OK, so maybe that isn’t exactly what Damien from “Mean Girls” says, but it’s what everyone thinks. If you’re anything like me, you start to get small heart palpitations when thinking about living arrangements for the next school year.
Grand Valley asks for your living plans in late November. At that time, you hardly know your roommate, you haven’t made any close friends in your classes yet and you certainly don’t know where you should live next year.
Making friends has never been an easy task for someone as shy as me. My anxiety shoots through the roof and I start to get sweaty when I think about meeting new people. As a freshman last year, I went into the dorms blind. My roommate was amazing, but she decided to live in her sorority house this year, so I was all by myself. Besides her, I hadn’t made many other friends throughout the rest of the year.
So, I made the decision to live alone this school year. I was scared… I didn’t want to be committing social suicide. I was so reluctant to move in and begged my parents not to make me go to school this semester. I finally moved in in the middle of August and it was terrifying.
But, once I moved in, I loved my apartment right away. Truth be told it was way better than I had imagined. There are a ton of things that are so much easier than living in the dorms. I don’t have to worry about coordinating who cleans the nasty shower or the smelly toilet. I can play whatever music I want and however loud I want (considering the neighbors don’t mind). I realized that living alone is not as awful as people make it seem.

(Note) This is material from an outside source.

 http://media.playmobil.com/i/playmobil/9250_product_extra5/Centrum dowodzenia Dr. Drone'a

I’m hardly ever in my room anyway. I’m always out at class, Kirkhof or studying at the library. Having a one-bedroom apartment almost forces me to be more social than I normally would be.

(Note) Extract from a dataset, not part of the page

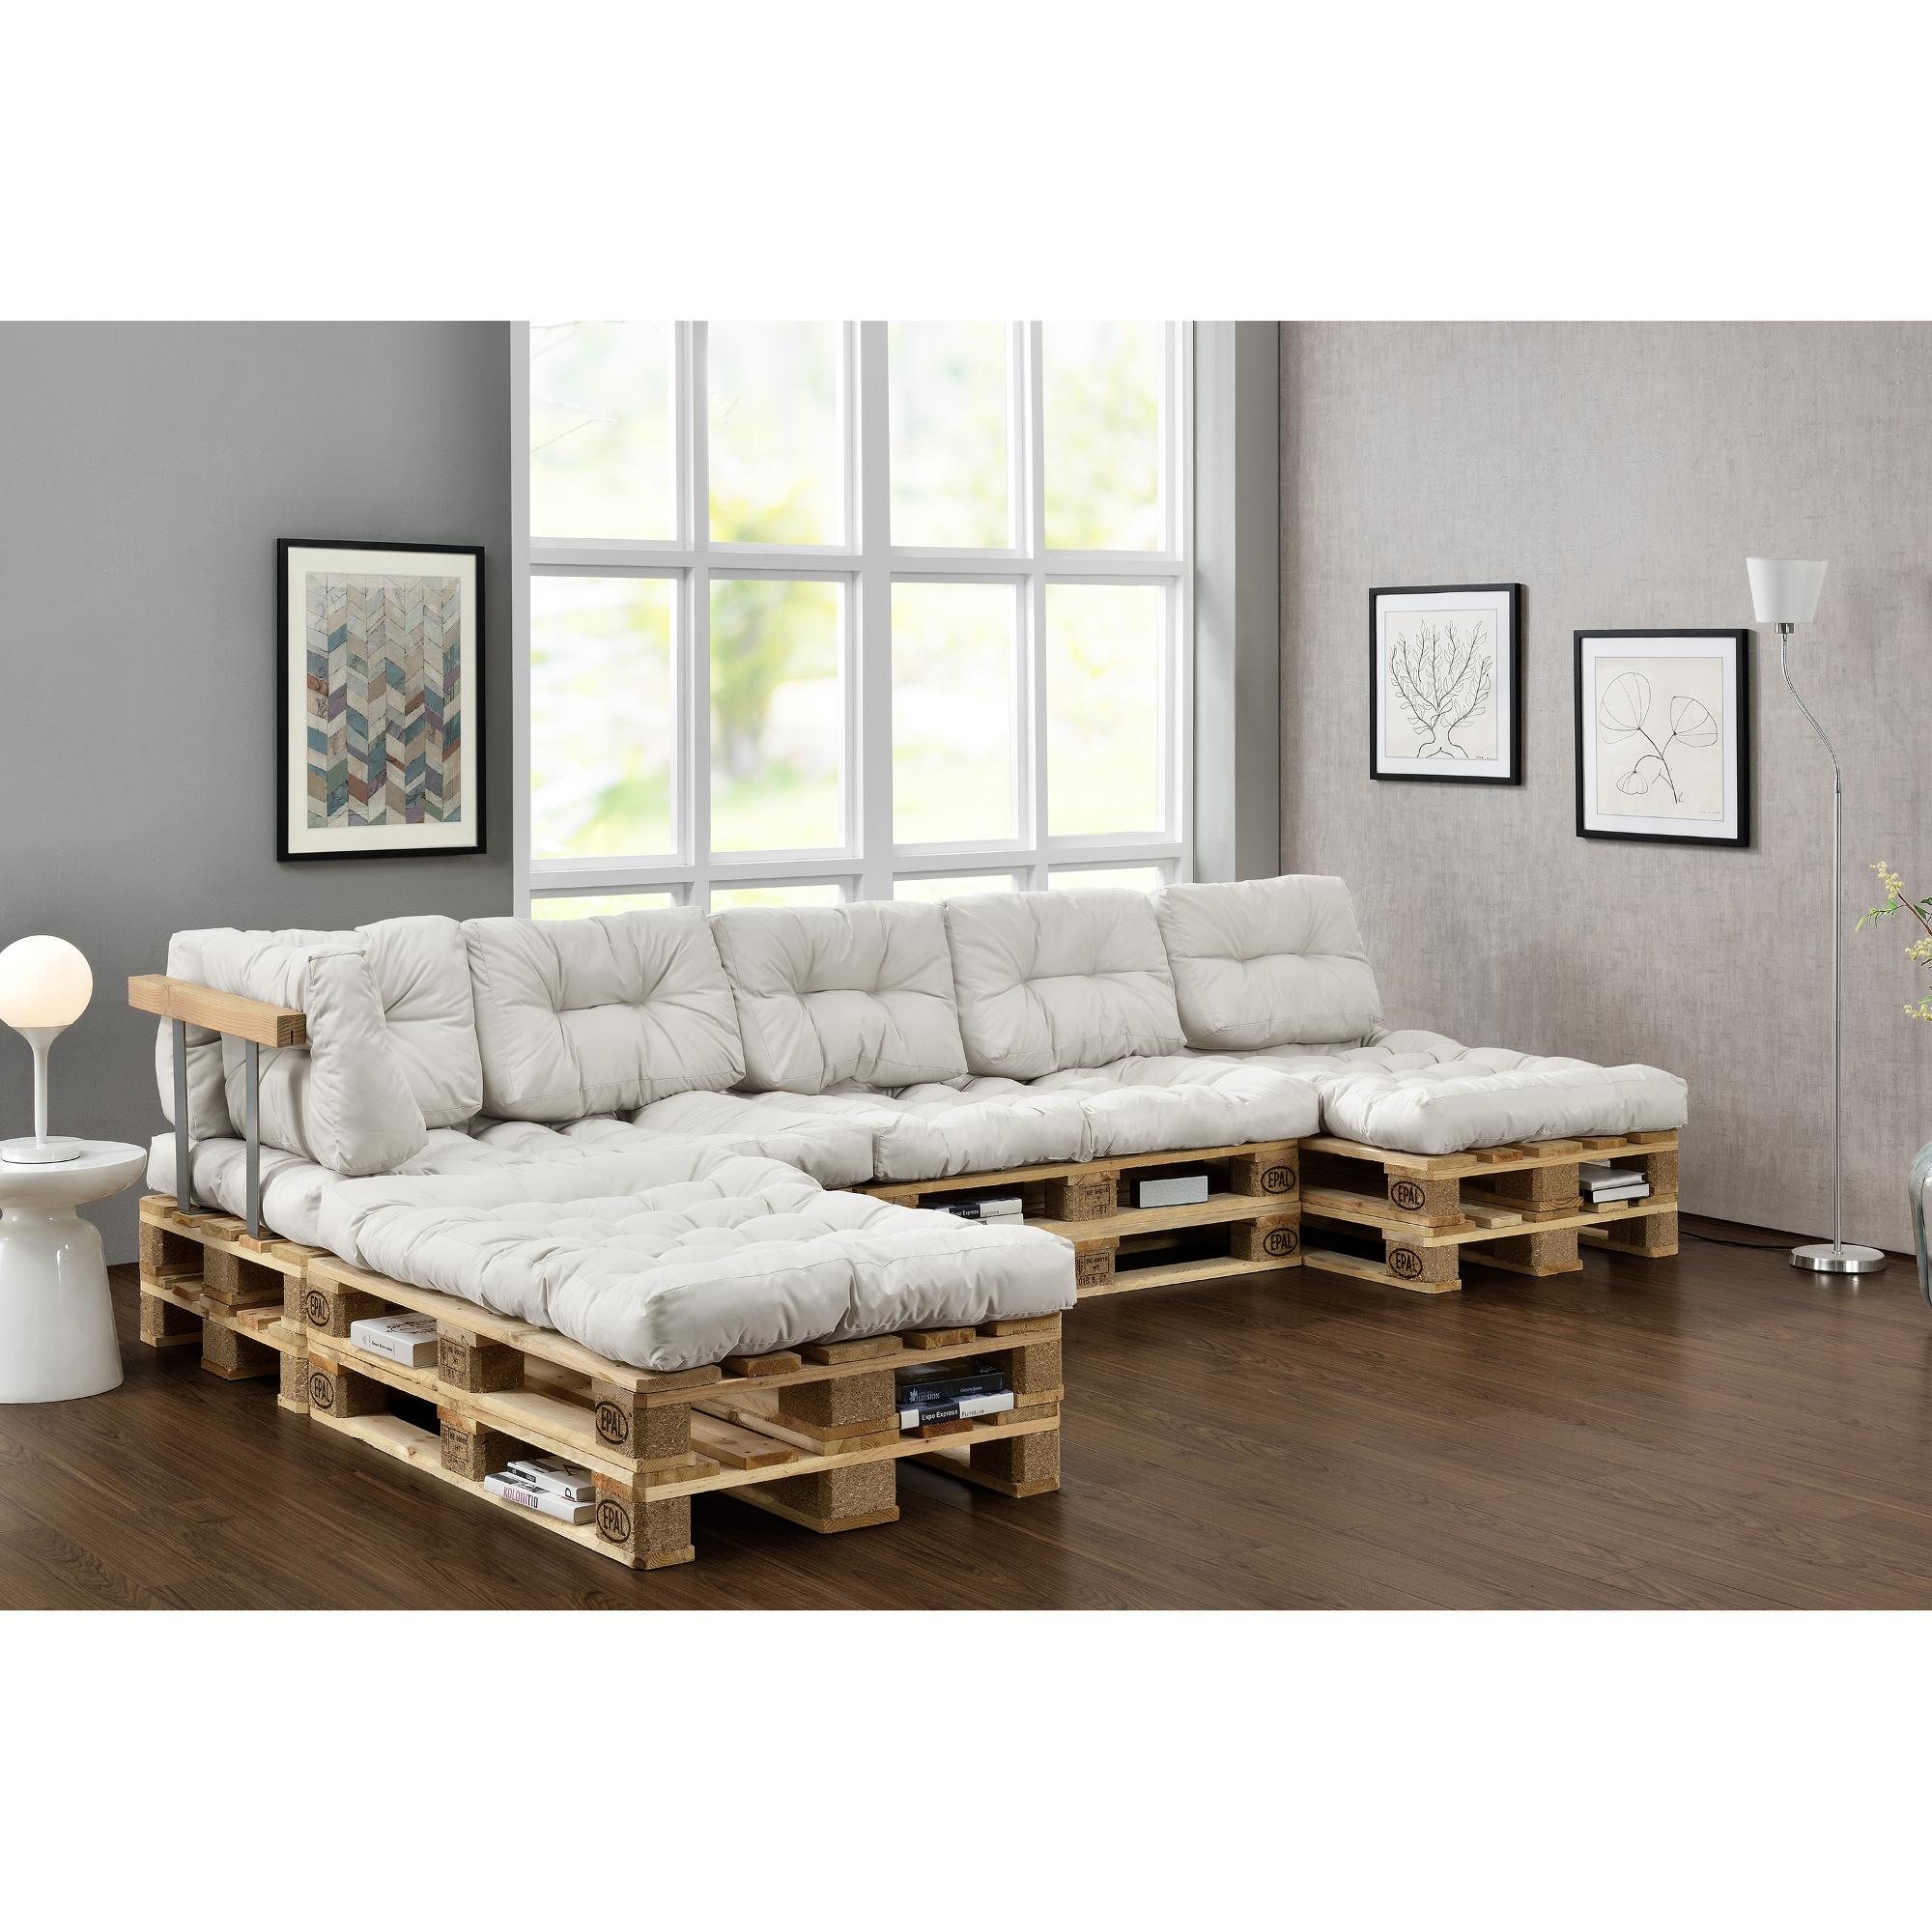 Cojines 4x asiento 6x respaldo para sof de for Sofa europaletten

A lot of college kids will be concerned because they wouldn’t have friends to live with or roommates to party with. Then there is the lonely factor; there is no one else to talk to.
However, sometimes the silence is nice and well needed.
I won’t lie; it does suck sometimes. There are days when I wish there was someone home when I get back from a long stressful day of classes. I start to feel a little crazy because I’ll start to talk to myself. After checking with my apartment complex, I have actually contemplated getting an animal.
So to all of you who are considering living alone or really have no other option, don’t be afraid. It has its pros and cons, as does any other living situation. But just remember that living alone is actually just like having a mini party on your own every day.